From the OP's print result, we see
[btc]
[btc]
[nav]
[btc, btc,btc]
However, if it is of lists of strings, it should yield
['btc']
['btc']
['btc']
['nav']
['btc', 'btc', 'btc']
Solution:
df = pd.DataFrame({
'dollar_sign':['[btc]','[btc]','[btc]','[nav]','[btc, btc, btc]'],
'followers_count':[35946,35946,35946,35946,35946]}
)
df.dollar_sign.str[1:-1].str.split(",\s").map(set)
0 {btc}
1 {btc}
2 {btc}
3 {nav}
4 {btc}
Name: dollar_sign, dtype: object
.str[1:-1]
removes [
and ]
.
str.split(",\s")
splits with ", ", a comma and a space. (Assuming the strings use ", " as the delimiter, otherwise, you may need "\s*,\s*"
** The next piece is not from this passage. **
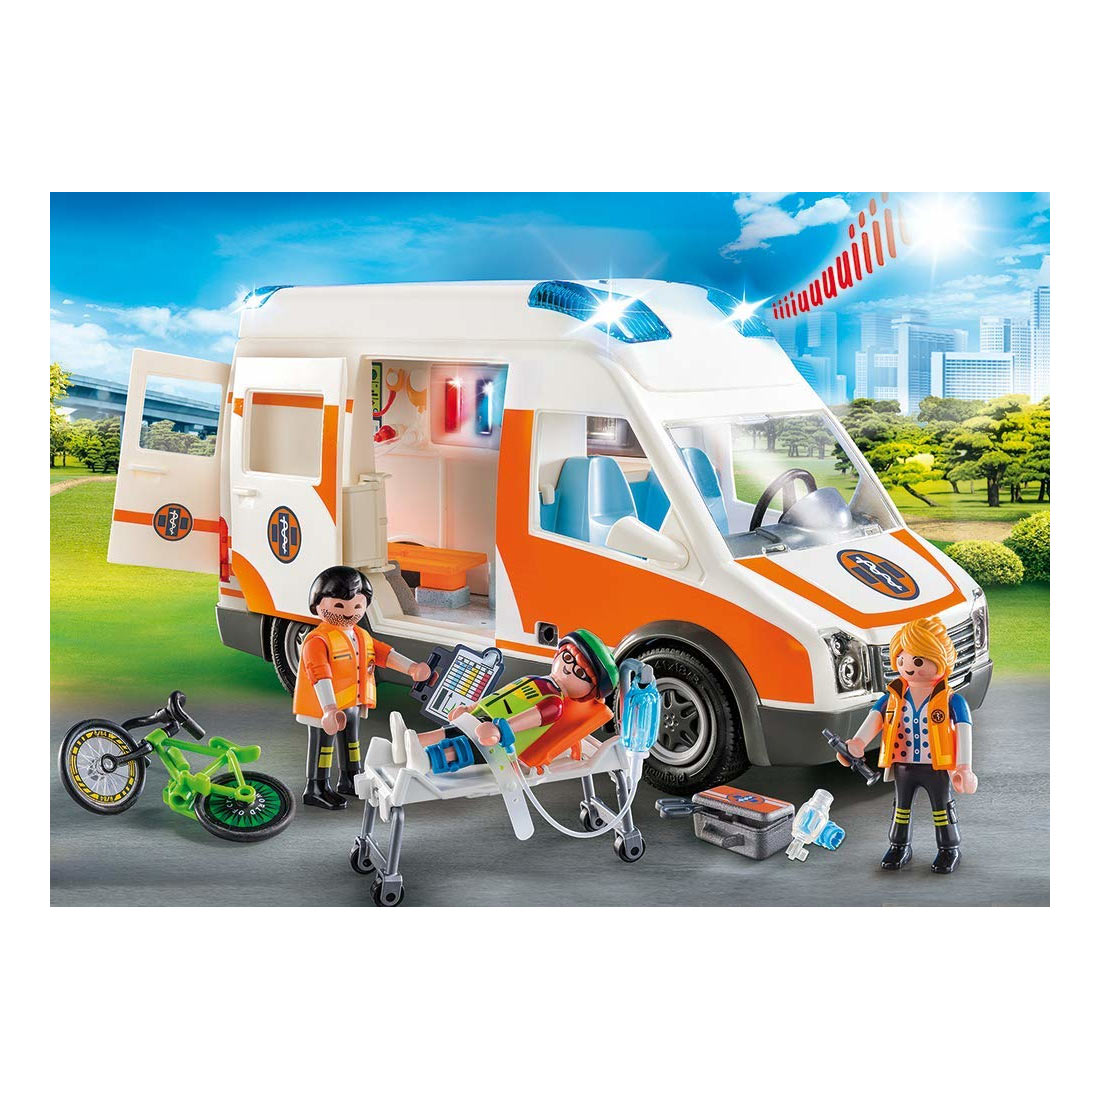 Playmobil City Life  Ambulance en Ambulanciers - 70049

or something even more sophisticated.)
map(set)
turns each list into a set.Upvotes: 3
Reputation: 323266
You can using list
with map
, and set
can get the unique value
df['dollar_sign']=list(map(set,df['dollar_sign']))
df
Out[1068]:
dollar_sign followers_count
0 {btc} 35946
1 {btc} 35946
2 {btc} 35946
3 {nav} 35946
4 {btc} 35946
This is how I create the df
df=pd.DataFrame({'dollar_sign':[['btc'],['btc'],['btc'],['nav'],['btc','btc','btc']],'followers_count':[35946,35946
,35946
,35946
,35946
]})
Upvotes: 2
Reputation: 3325
You can use sets. A set will take out the duplicates.
So, as an example, keeping the style of the output:
for row in df_twitter['dollar_sign']:
print list(set(row))
Output:
[btc]
[btc]
[btc]
[nav]
[btc]
Upvotes: 3